Когда Гриша вышел из комы, с ним рядом был я. Нет, я не сидел у его кровати неделями, просто так совпало. Когда Гриша вышел из комы, он спросил тихо: «Лиза?» Я сказал: «Гришан, как же я рад, что ты… А она, да что ей сделается, живая, нос сломала – что значит “лексус”, японцы, конечно…» Гриша меня перебил и спросил тихо: «Она?» Я понял, о чем он, и сказал честно – таков был мой приятельский долг: «Нет, Гриш, не приходила, ей плевать, понимаешь, да ты хоть понимаешь, что мог погибнуть, из-за… четыре в одном… Это была не любовь! Прости, но нет – не была». Я так сказал. Лучше горькая правда. Гриша кивнул, печально. Он уже понимал, что правда – не сладкая вата. Он уже вышел из комы – каковой любовь и является, если так разобраться.

Мы помолчали, готично. Потом я спросил Гришу: «Слушай, ну и как было – там, в коме?» Интересно же. Я драматург и обязан интересоваться такими вещами, тем более когда такая возможность. Гриша сказал, что ему там – в коме – понравилось. Я удивился. И спросил Гришу: «Ну и… что ты там видел?» Гриша сказал: «Рай». Я выдержал паузу – не специально, так получилось – очень уж это было как-то все… Рай. Ничего себе. После паузы я спросил Гришу: «Ну, и… что там? В раю?» Гриша с трудом пожал плечами, поломанными. И сказал: «Ну, там… Сад».

Гриша потом выздоровел. А я вот наоборот – заболел. Все это произвело на меня сильное впечатление. Я потом много раз расспрашивал Гришу про этот сад – про рай. Но подробности были скупыми. Гриша сказал, что в самом раю не был – что, в общем, неудивительно, ведь он работал в русском кино. Но он видел рай. Через забор. Не очень высокий такой забор, там. Так сказал Гриша. Все это произвело на меня очень сильное впечатление. Я сначала стал думать про это. Все время. Потом я стал видеть во сне. Сад. Иногда во сне я даже слышал шум. Там был ветер, в саду, и деревья шумели. Я понимал, что мне не видать рая – я ведь тоже работаю в русском кино.

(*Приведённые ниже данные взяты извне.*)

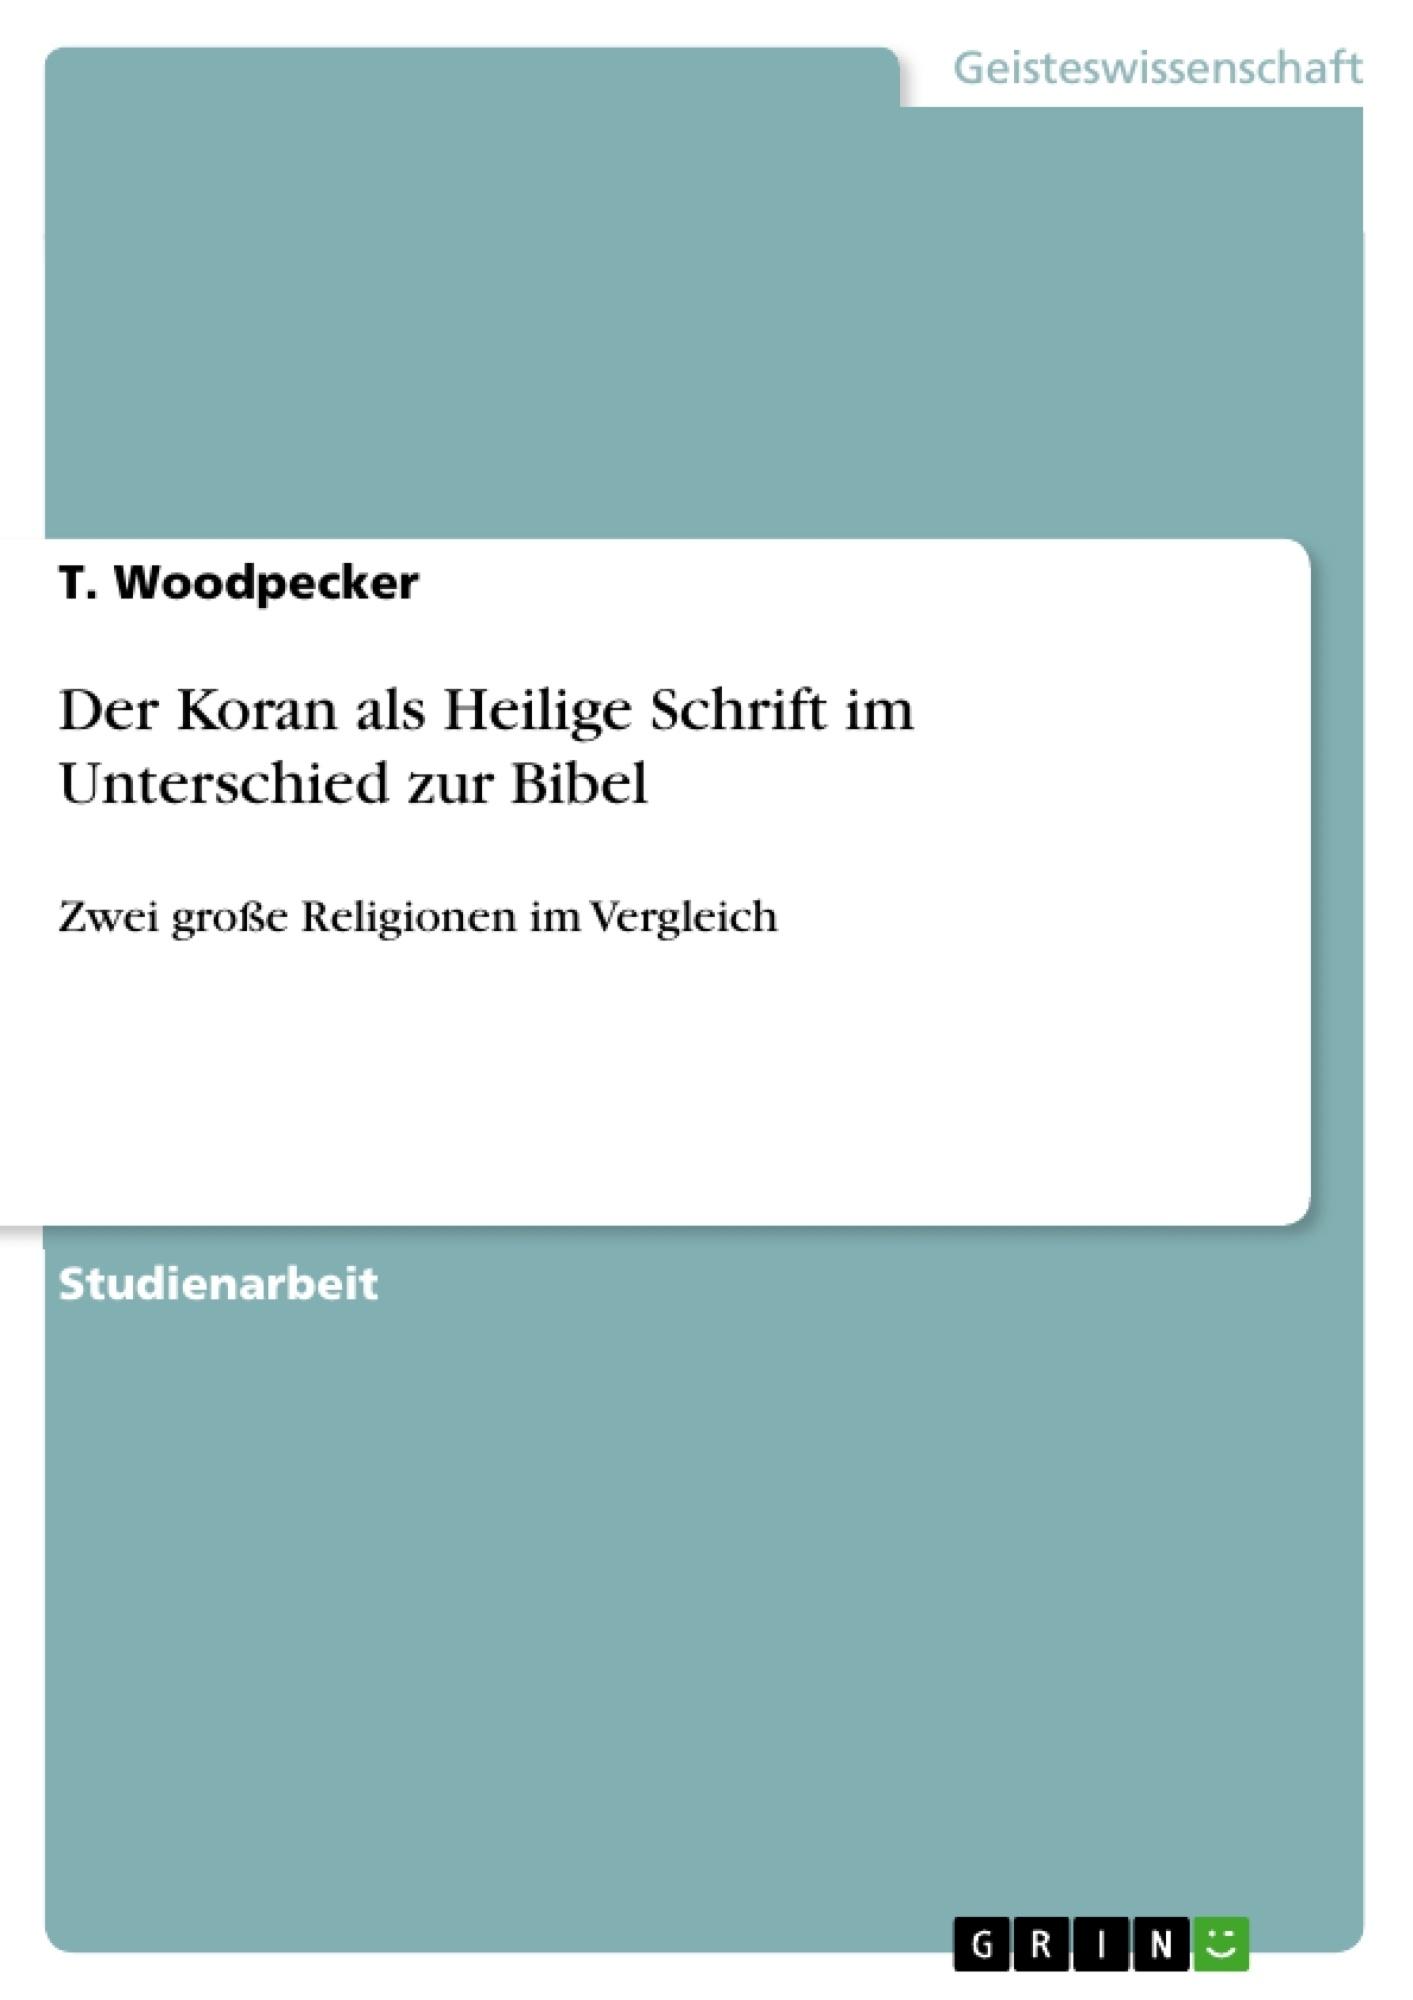 Titel: Der Koran als Heilige Schrift im Unterschied zur Bibel

И это, наверное, уже нельзя изменить. Но можно ведь – так я однажды подумал – сделать сад. Не там, а тут. Тут.

Как раз в это время я удачно продал сценарий. Комедии. Раньше у меня не получалось продавать сценарии комедий – получалось продавать только драмы, потому что всем нужны драмы, все хотят видеть, как другие страдают, шестнадцать серий подряд. Комедии тоже нужны всем, но комедии тупые, бессмысленные, а у меня, на беду, получались со смыслом – а такая комедия, как известно, довольно быстро, сразу после завязки, перестает быть комедией и становится трагедией, а трагедии никому не нужны, попробуйте успешно продать трагедию, кто ее купит – никто. И вдруг повезло. Мне встретился один продюсер, который искал комедию со смыслом. У меня такая как раз была, пылилась на полке, давно, безнадежно, как томик писем Дзержинского, кто снимет с полки – никто. А тут вдруг снял с полки и сразу продал – чудо. Чуть позже я, правда, узнал, что никакое не чудо – продюсер искал комедию со смыслом, чтобы показывать на примере своим ученикам в киношколе, как не надо писать. Как бы то ни было, в руки ко мне попали, можно сказать, легкие деньги. И я решил со­здать сад. Тот, который видел во сне. Рай с невысоким забором.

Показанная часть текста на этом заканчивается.